**Prompt**
Without any pictures, retype exactly the lines from the one with "Vintage 14kt yellow" through the final line of the records.
● ● ●
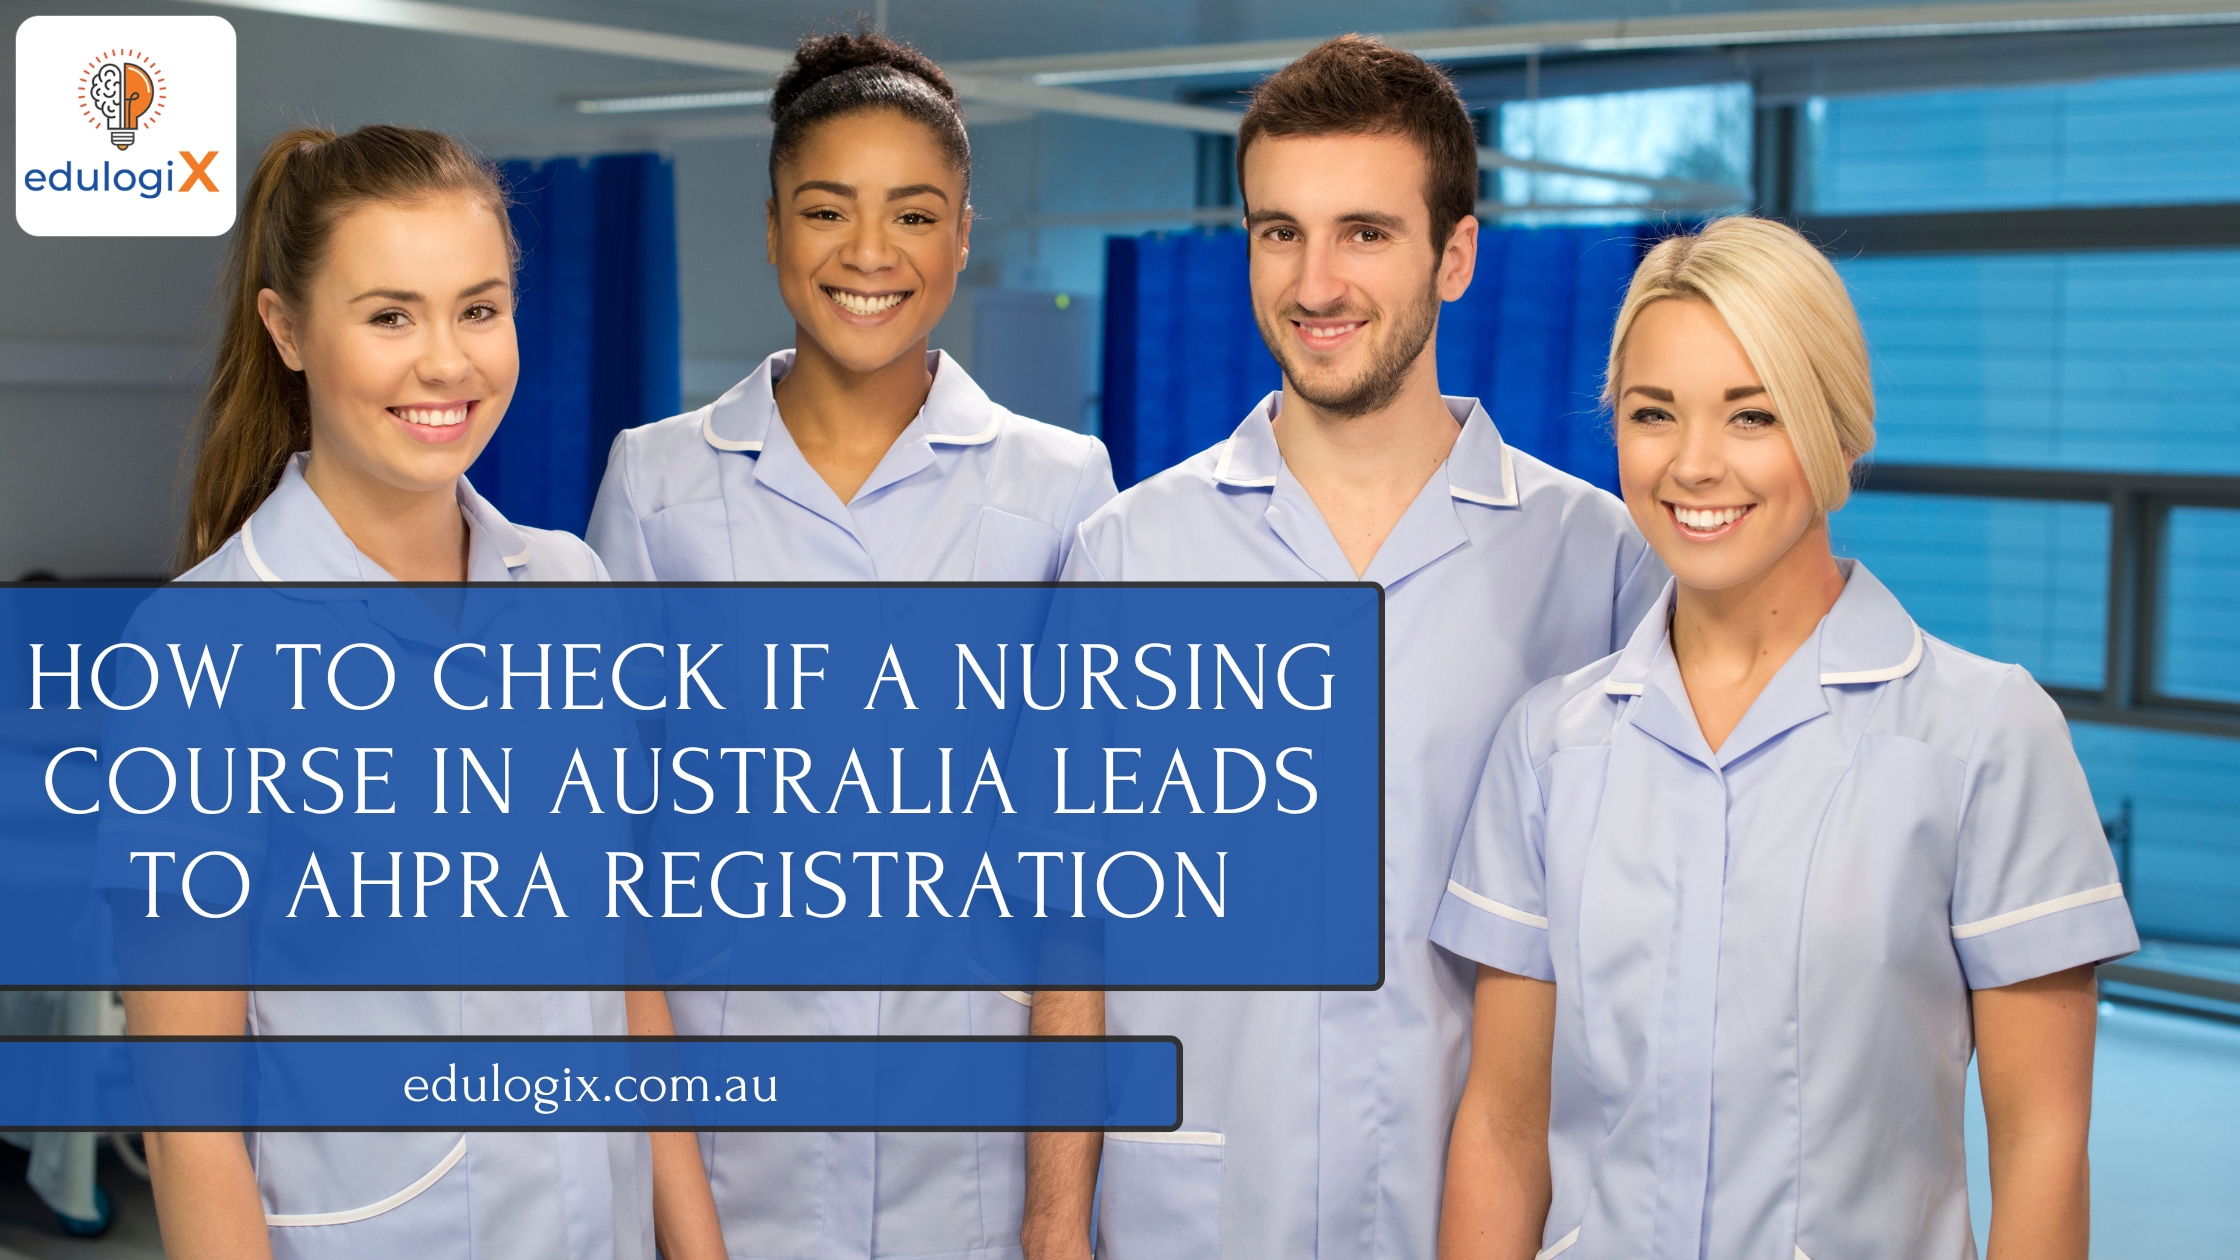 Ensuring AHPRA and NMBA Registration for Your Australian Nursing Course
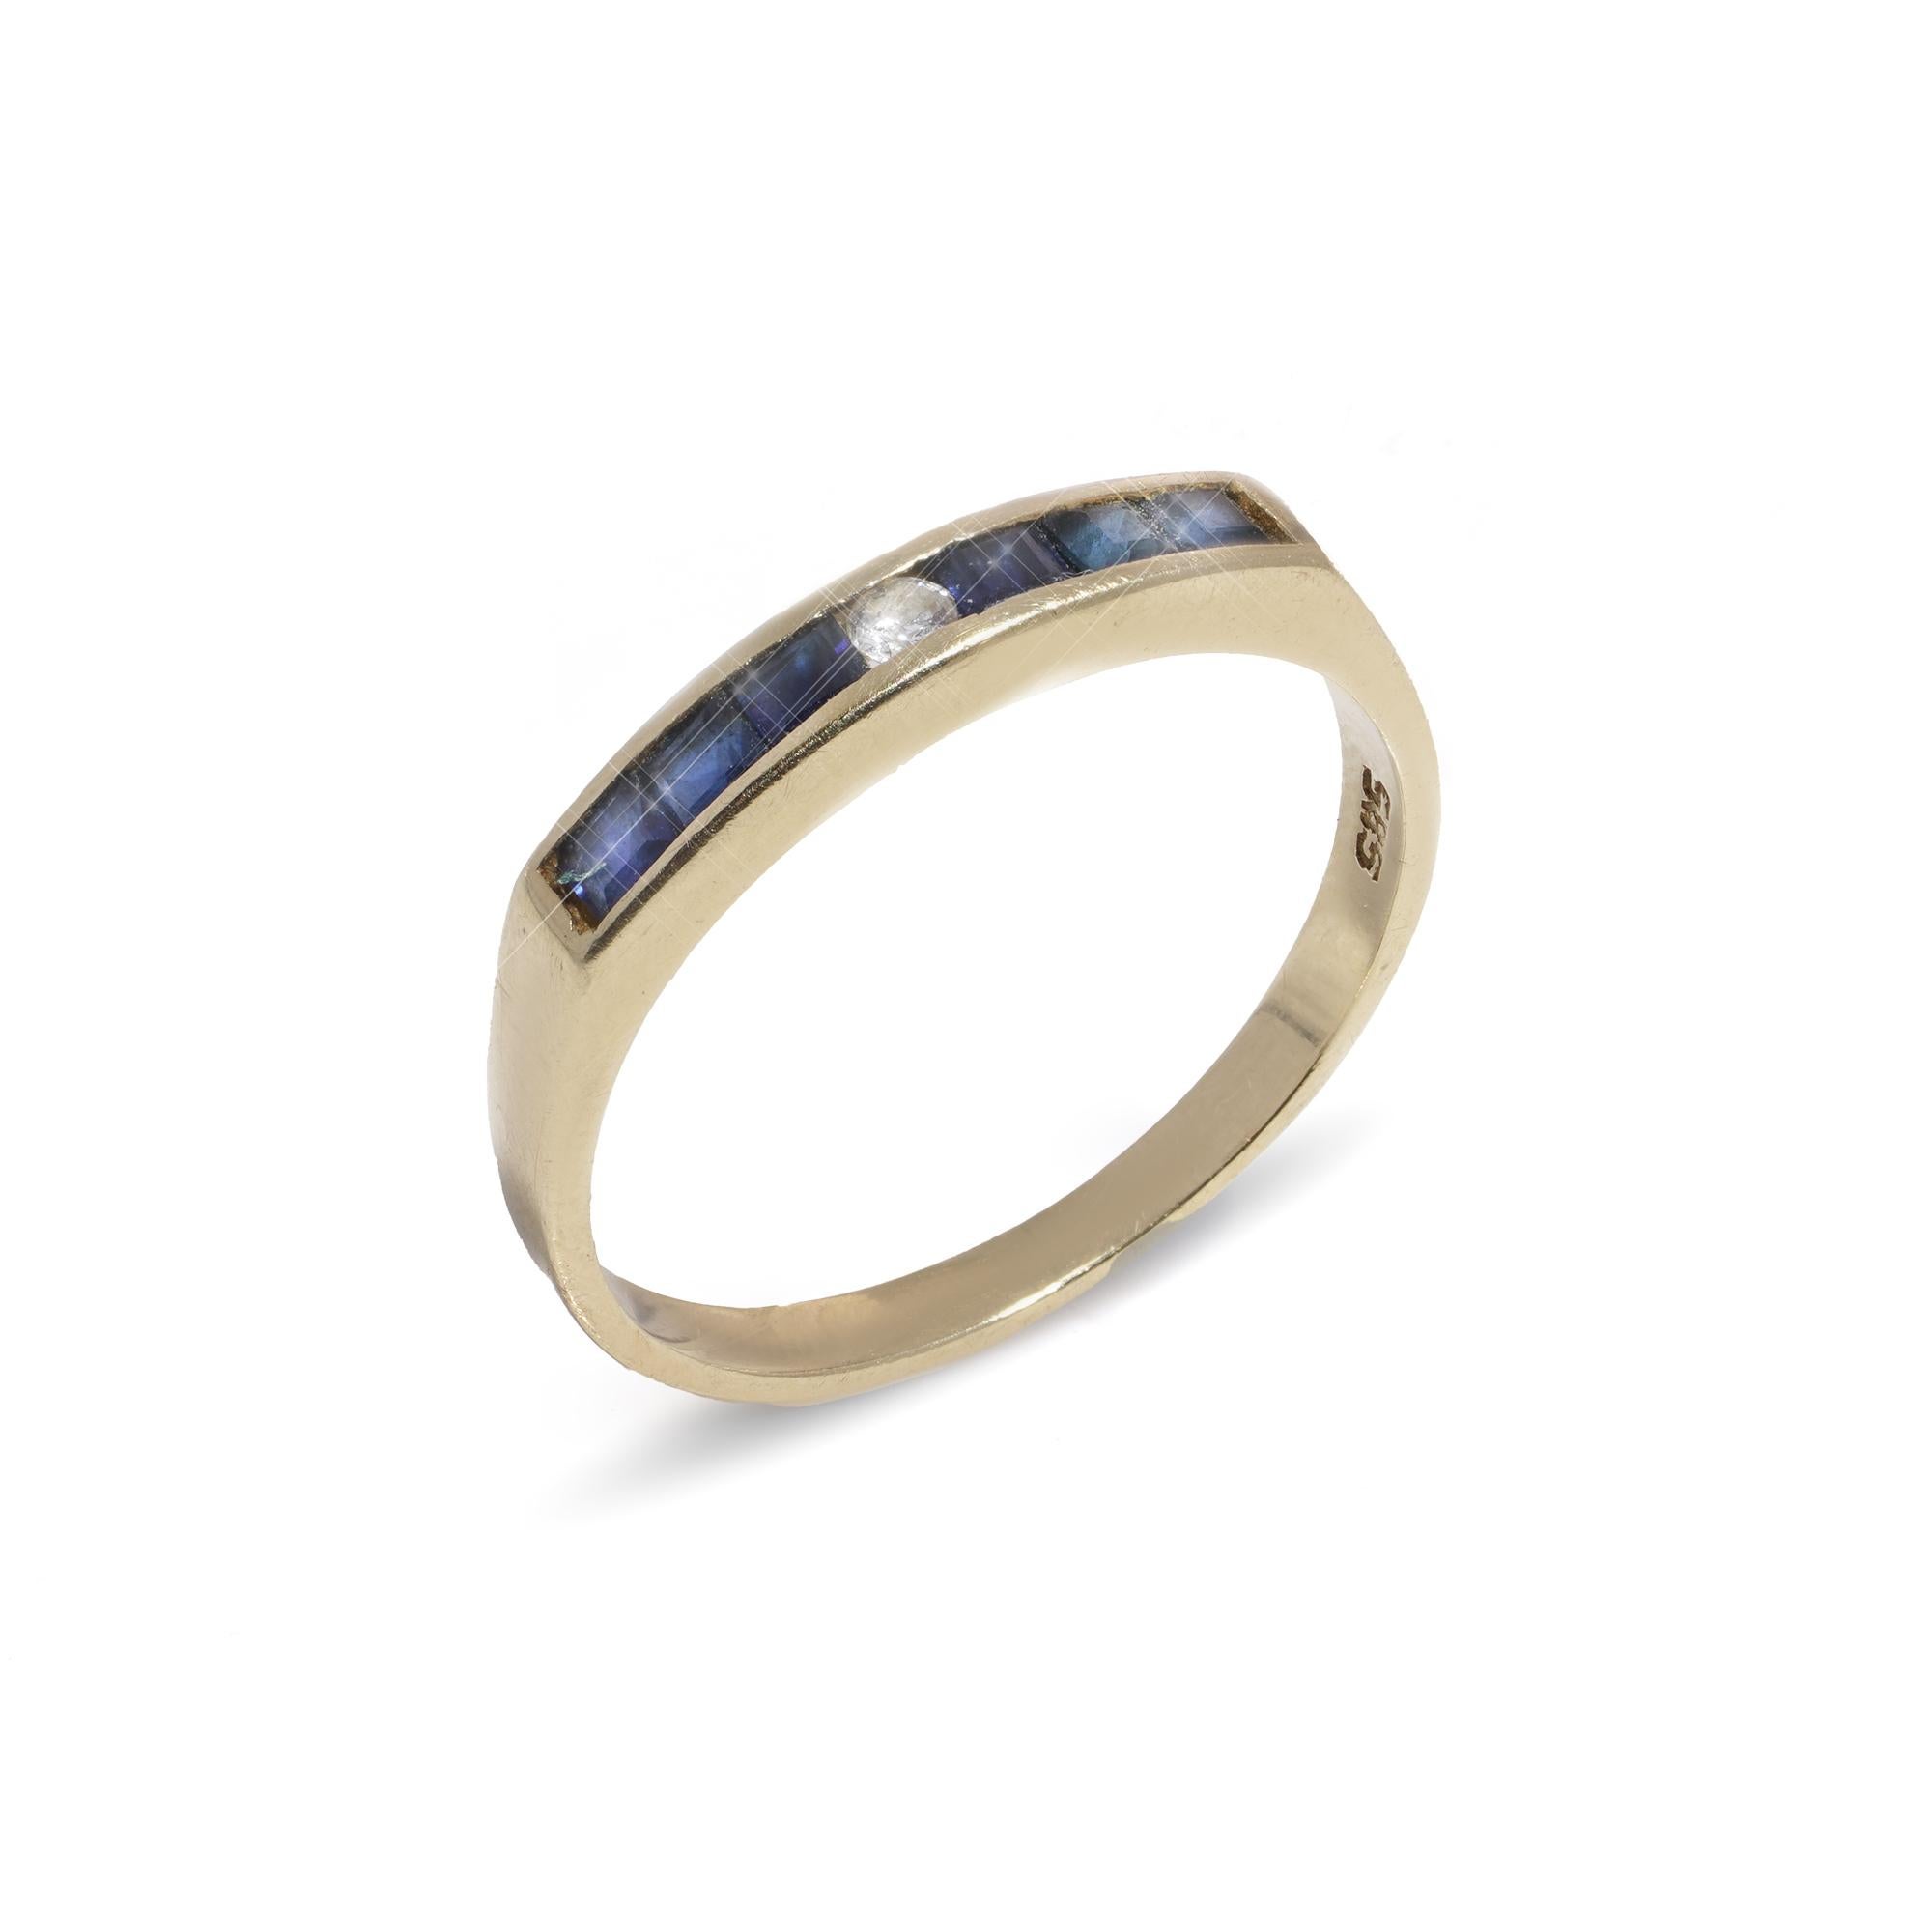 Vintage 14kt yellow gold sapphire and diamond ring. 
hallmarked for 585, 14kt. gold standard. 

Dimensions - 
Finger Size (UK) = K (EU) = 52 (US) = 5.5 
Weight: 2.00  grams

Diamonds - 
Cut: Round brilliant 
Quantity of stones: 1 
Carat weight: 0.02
● ● ●
**Response area**
 Vintage 14kt yellow gold sapphire and diamond ring. 
hallmarked for 585, 14kt. gold standard. 

Dimensions - 
Finger Size (UK) = K (EU) = 52 (US) = 5.5 
Weight: 2.00  grams

Diamonds - 
Cut: Round brilliant 
Quantity of stones: 1 
Carat weight: 0.02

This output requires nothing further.